Prunoideae / MitoFlex

A mitogenome toolkit inspired by MitoZ, while being more effective, precise and flexible.
GNU General Public License v3.0
19 stars 5 forks source link

Not extracting CDS regions correctly #4

Open charlesfoster opened 3 years ago

charlesfoster commented 3 years ago

Thanks for the interesting tool. I've been trying it out on some reads I have from insects (cicadas). All 13 protein-coding genes are identified, as one would hope for. However, the resulting *.annotated.cds.fa file does not contain the expected sequences: there is non-coding DNA added to the beginning of the CDS or appended after the CDS.

For example, with COX1 there are an additional 46 nucleotides before the start codon that should not be in the sequence.

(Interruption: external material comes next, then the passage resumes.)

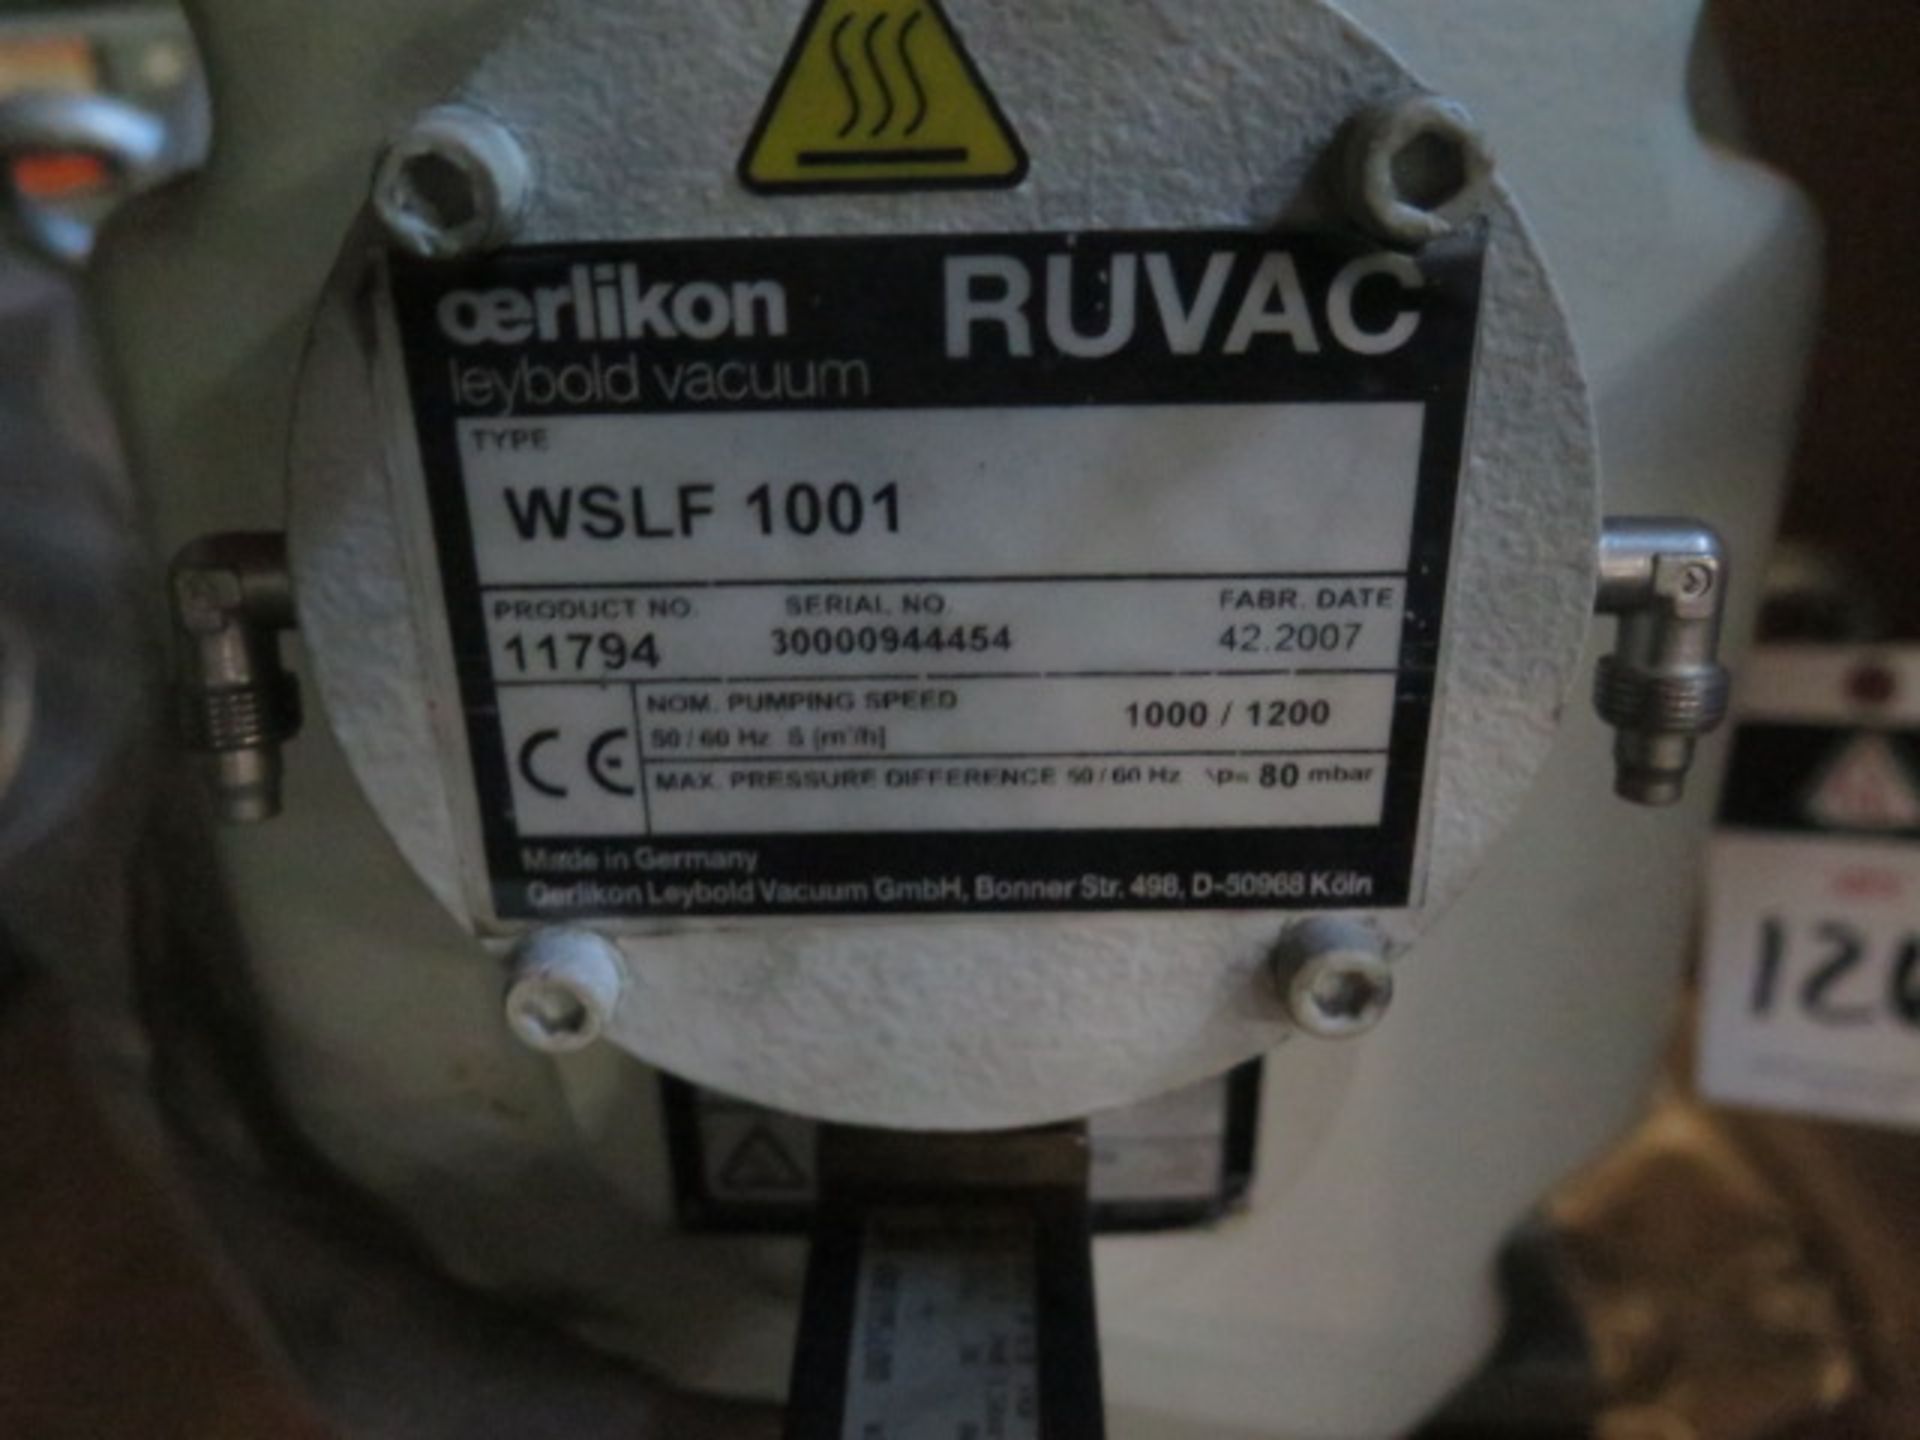 Ruvac WSLF 1001 Vacuum Compressors (2) (SOLD AS-IS - NO WARRANTY) - Image 3 of 5

There are also ~3 missing nucleotides at the end. When I look at the final scaffold and manually locate COX1, there is a full, correct sequence there. So, something goes wrong during the process of extracting the protein-coding genes into their own file, and the genomic coordinates for the genes must also be wrong. The latter problem would likely also affect the Circos visualisation.

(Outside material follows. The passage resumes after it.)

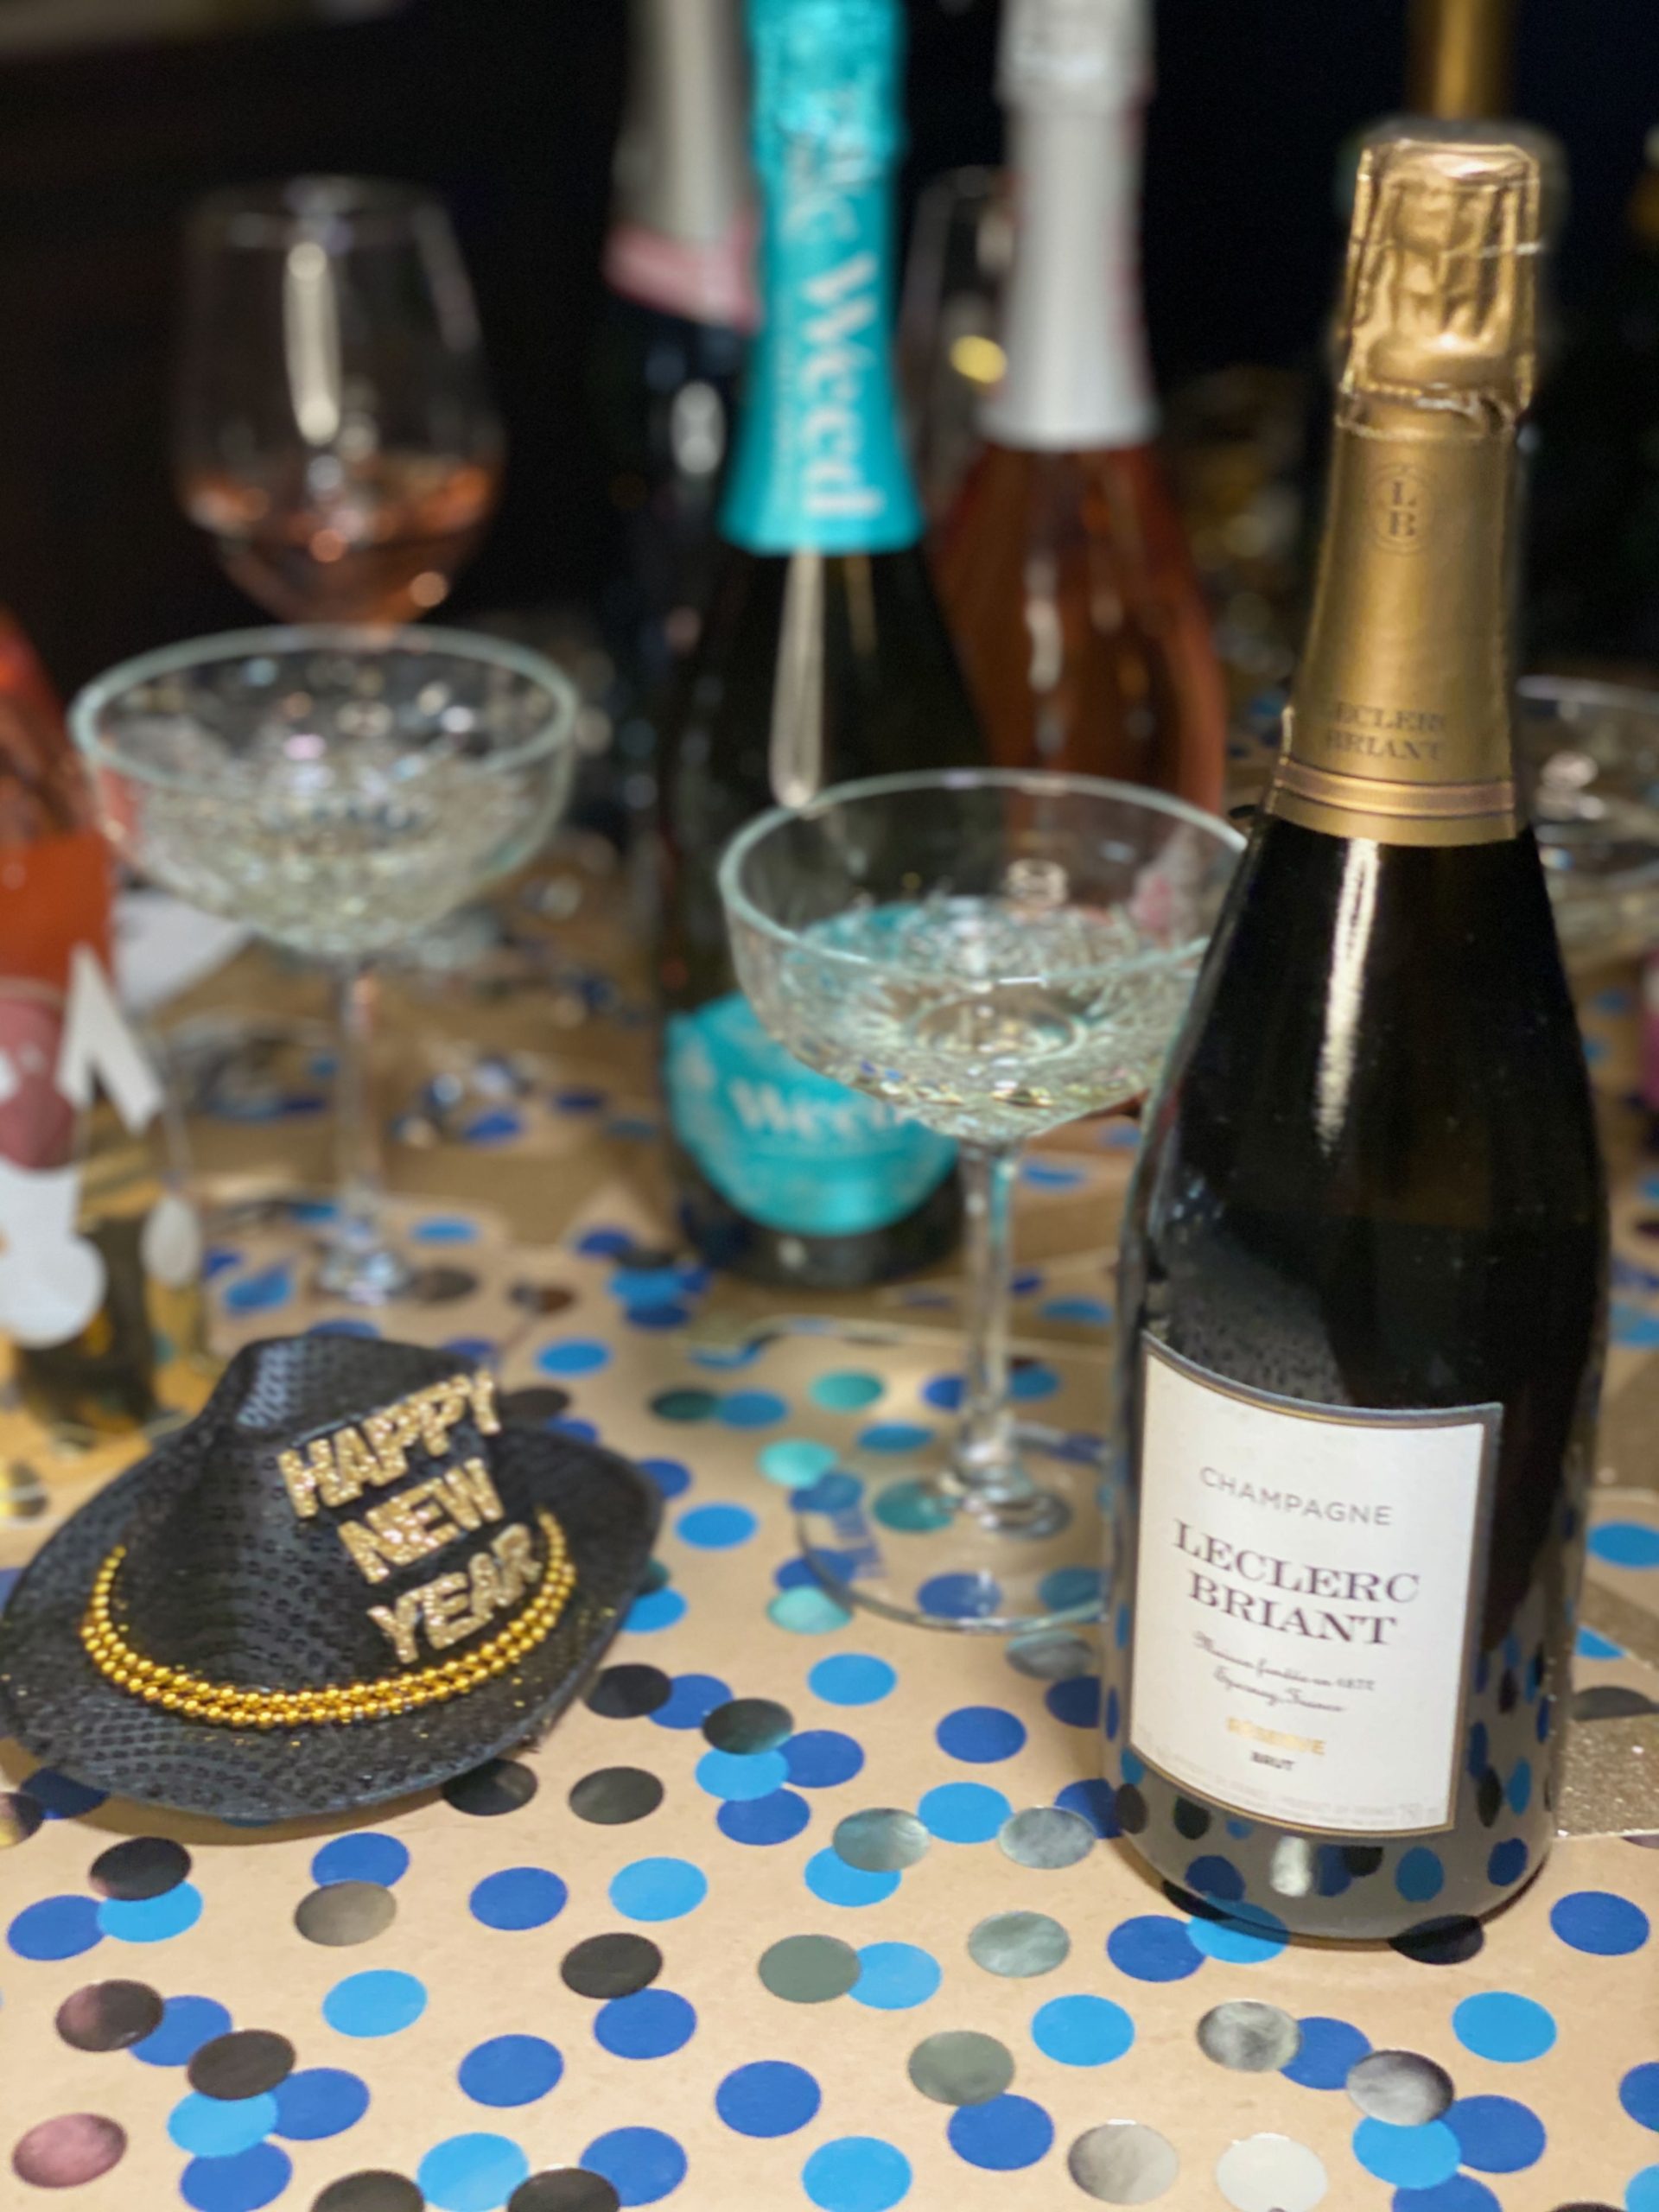 Leclerc Briant Brut Reserve Is the Best Bubbly For NYE

Is this something that could be fixed? Thanks!

Edit: I should also say that another of the options with MitoFlex doesn't appear to make sense/work as currently specified:

 --keep-temp           remove temporal files and folders after work done.
                        Default False.

If you are specifying --keep-temp, wouldn't that imply that you are telling the program to "keep temporal files and folders after work done", not "remove temporal files and folders after work done"?

Prunoideae commented 3 years ago

MitoFlex's annotation is completely based on tblastn then genewise2, which works for many of the situations as far as I concerned, but now seems too coarse in determining the precise border of genes, this should be fixed by adding steps to determine the start and the end of the sequence in the future.

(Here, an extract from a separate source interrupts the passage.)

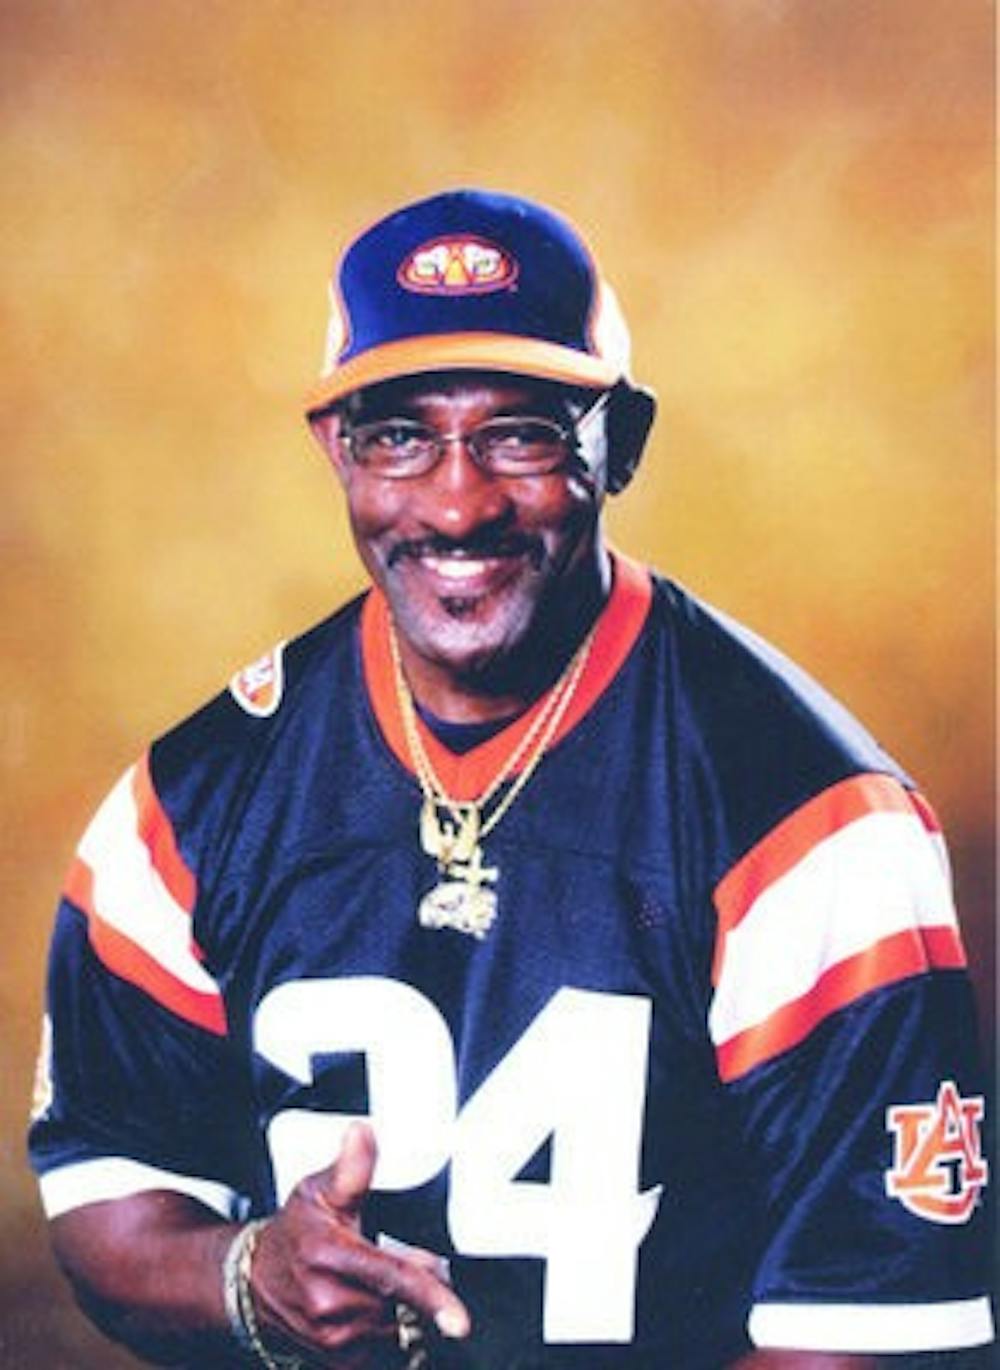 Lifelong Auburn resident Johnny Richmond, also known as Mr. Penny, does 25 push-ups every time Auburn scores. (Contributed)

As a workaround so far, maybe you can try editing configurations.py to turn this on: https://github.com/Prunoideae/MitoFlex/blob/7182598400b0102df808ccbac4c8f052b7dc74f4/configurations.py#L156-L159

...But in cases this didn't work so fine so it's disabled by default, will start working on improving it once I have time. Annotating tools like MITOS can do a better job too.

Also, it's always better to do some manual check after the automatic process, since these algorithms and softwares can always make mistakes, manual curating is necessary to keep the data valid.

The --keep-temp flag is --clean-temp in before, after a while I find it more common to delete temp files to reduce disk usage, I guess I forgot to change the flag description here.